Though plenty of observers felt it was the wrong approach for Asselstine, many felt it worked anyway. The majority of viewers online scored the fight in his favor.
Inside the Bell Centre, which was a decidedly pro-Laham crowd, the sentiment was the opposite.
There could have been bias on either side of the coin with regards to the scoring. Did you give Asselstine extra credit for his efforts because he was supposed to be the better fighter? Or, on the flipside, was Laham given bonus points for overachieving?
In any event, it's not a career-ender for Asselstine by any stretch, and a rematch could surely be made in an instant.
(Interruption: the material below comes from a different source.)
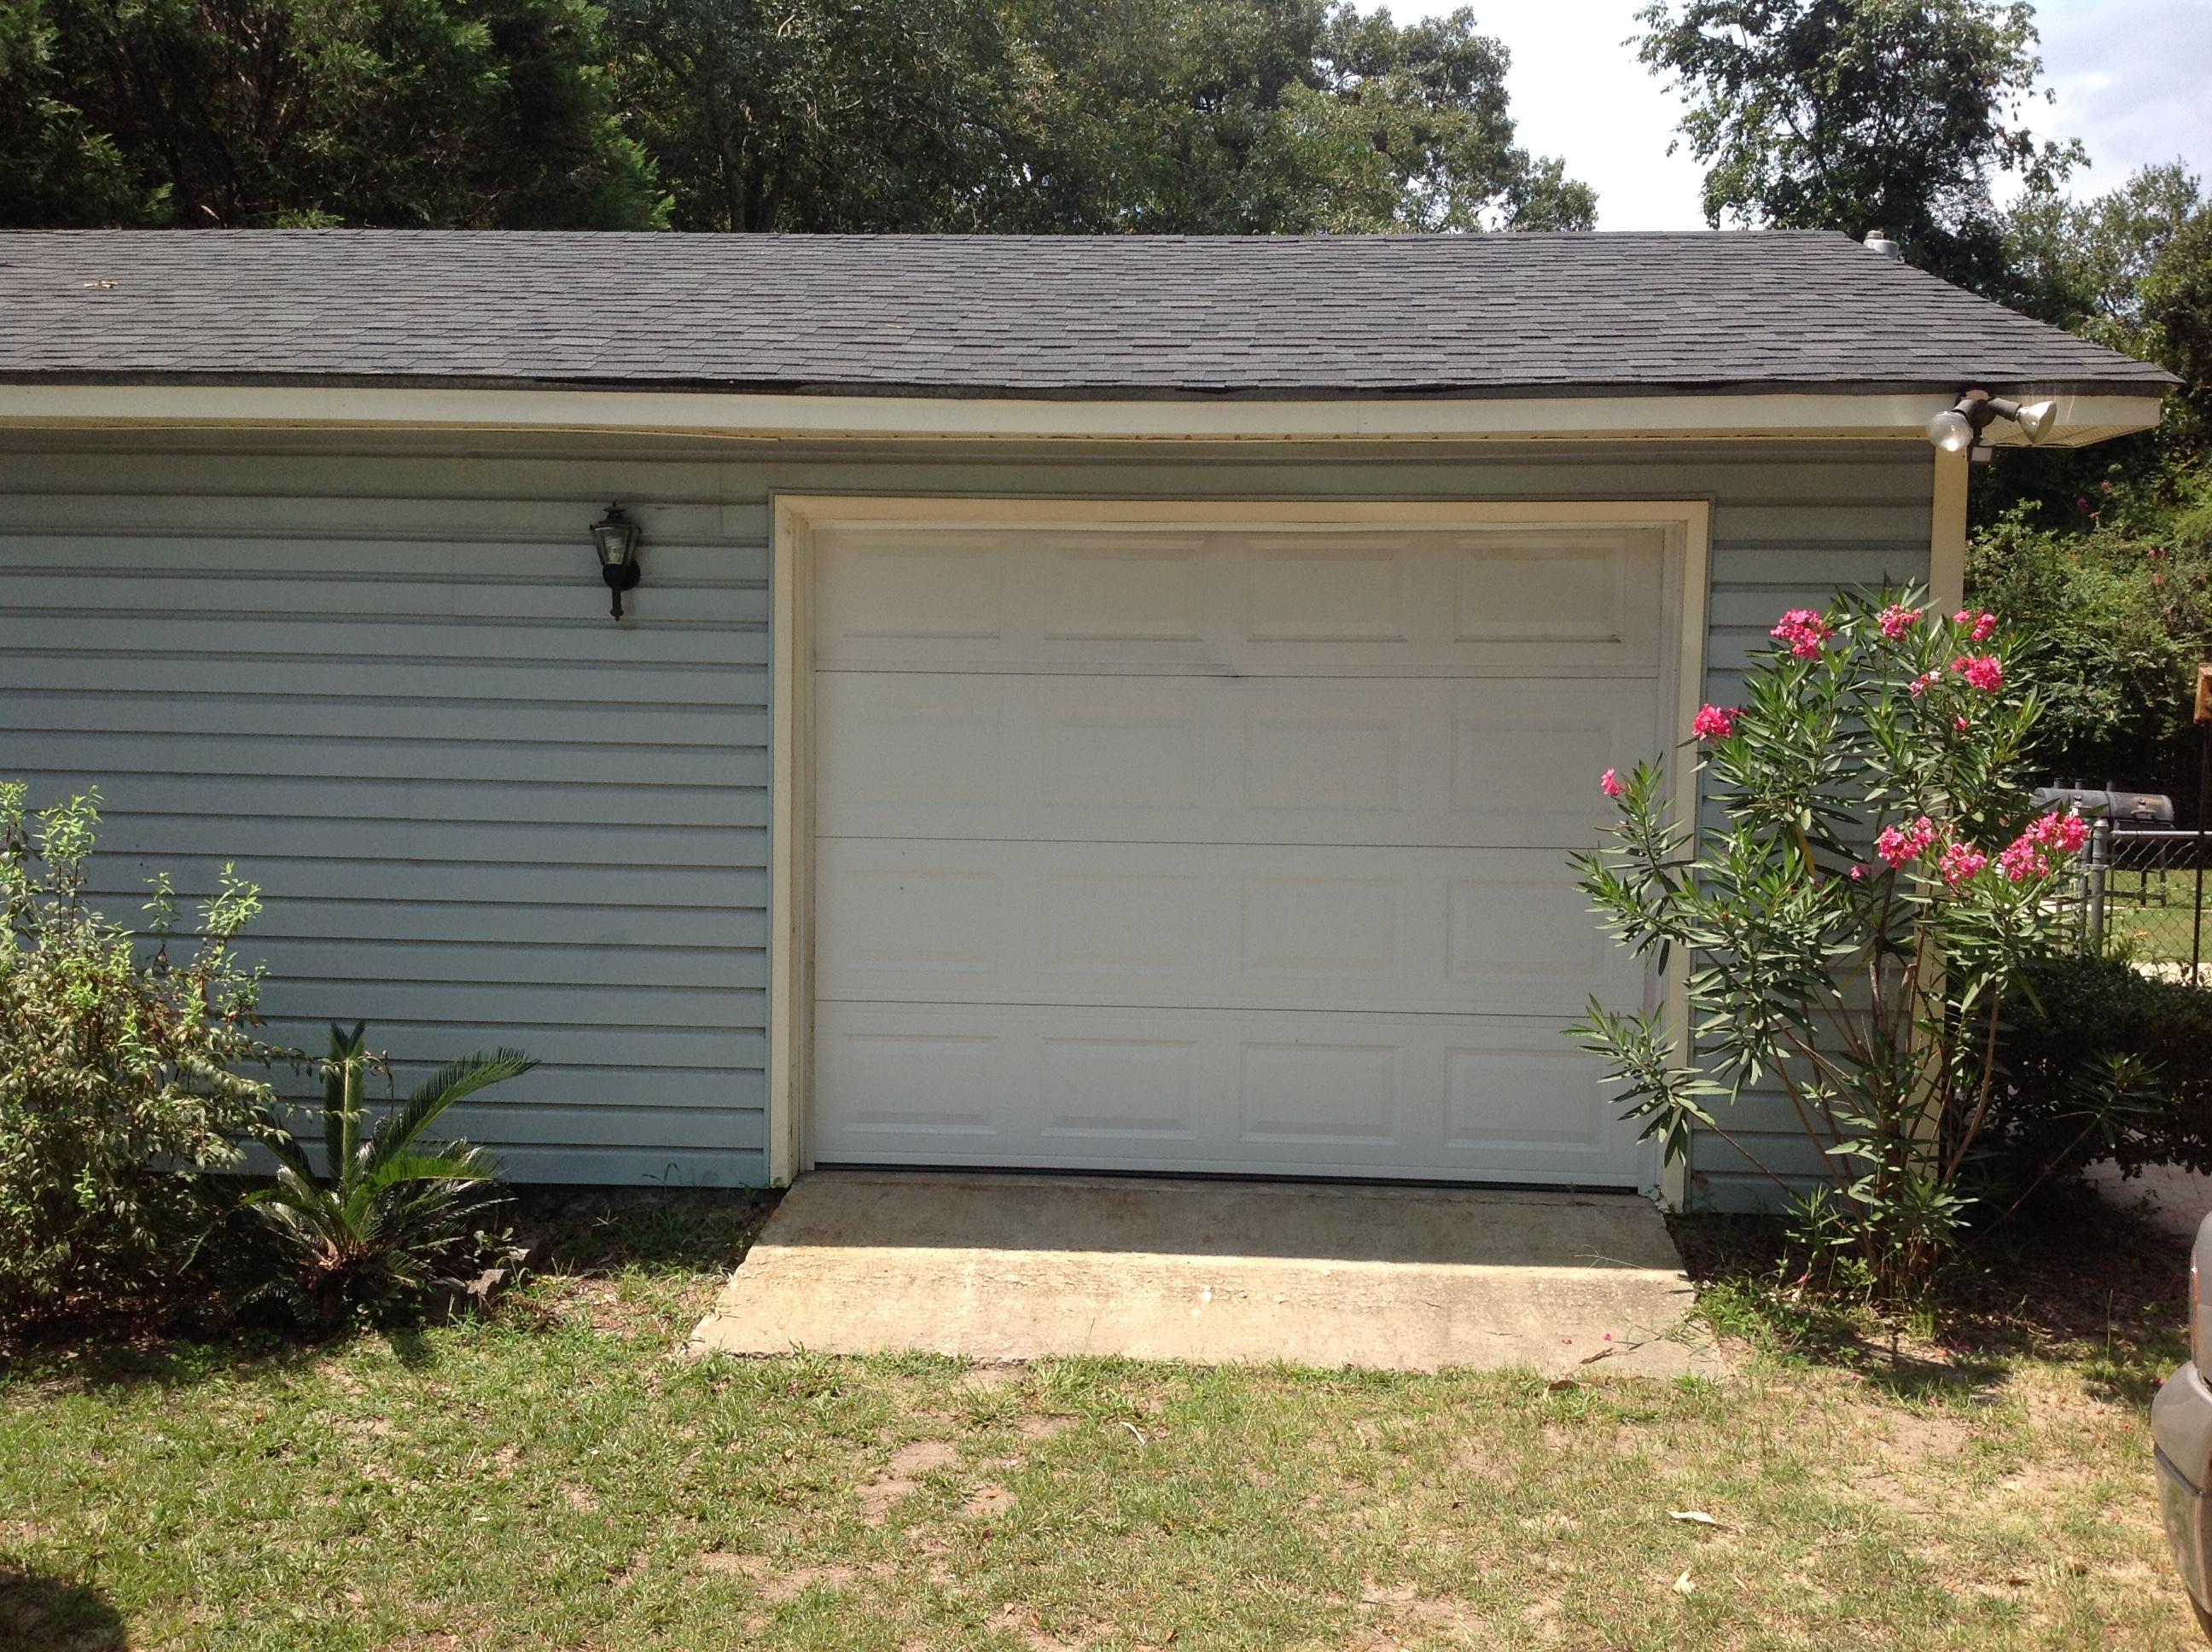 Belvedere II Homes For Sale - 122 Dogwood, Eutawville, SC - 0

It would be interesting to see how a second affair would play out were the fighters both fully prepared and matched at a real weight limit, rather than a last minute catchweight.
Not much was expected from a faded version of Campbell, who took the fight on just slightly more notice than Laham did. At 41 years of age, and fighting 12 pounds above his prime weight, The Galaxxy Warrior predictably didn't have enough steam to prevent Bizier from doing whatever he wanted.
Bizier is a fledging welterweight contender, and fought like one. Campbell, meanwhile, fought like a lightweight who's been keeping in shape as an aerobic boxing instructor. Even a prime version of Campbell in all his crafty glory may have still been physically overmatched in this one.
From the get-go, Bizier whacked Campbell to the body and easily set up combinations along the ropes. Campbell likes to fight in close and was never much of a mover to begin with, which spelled serious trouble on this evening.
Thankfully, there was no sad ending, and Campbell was tricky enough to at least not take a savage beating by any stretch of the imagination. Rather, he didn't answer the bell for the ninth round, citing a back injury.
Word at the press conference and afterward is that Bizier could return in April in Quebec City, where he is a legitimate draw. It should be noted that even with the late cancellations and a dreadful blizzard preventing any walk-up ticket sales, 3214 folks still turned out on a Friday night for this card.
None of the fights beneath the two ESPN-televised bouts were broadcast anywhere, but there were a few results of note.
Canadian heavyweight Didier Bence was matched tough against Joey Dawejko of Philadelphia, and passed the test. It didn't come without some scary moments though, as Dawejko hurt him with a left hook on one than one occasion, including right at the final bell.
Bence hasn't shown the kind of power he was expected to have coming out of the amateurs, but he is developing a reputation as a reliable action fighter. However, being hurt by Harold Sconiers and now Dawejko has to make you wonder what his ceiling is going to be. Regardless, it'll be fun watching him get up there.
Also of note, Canadian-Filipino featherweight Marc Pagcaliwangan scored a bizarre disqualification victory over Laszlo Fekete of Hungary in the walk-out bout for the evening.
Fekete had no interest in fighting whatsoever, coming out switching stances and gyrating in the ring. Pagcaliwangan hit him with two jabs, and he simply turned his back and began talking to the crowd. Not knowing what to do and with no warning from the referee issued, "Gwapo" simply threw a hook that knocked his mouthpiece out.
Referee Alain Villeneuve had a brief discussion with Fekete who was still standing and clowning around, and it was determined he indeed did not want to fight.
Pierre Lavoie of FightFan.com caught up with Pagcaliwangan immediately after the fight:
Pagcaliwangan's manager Mark Erwin said later in the evening that his fighter may even start campaigning at 118 pounds, noting that he often walks around at 120 and could be a bigger fighter in a lighter division if he desired.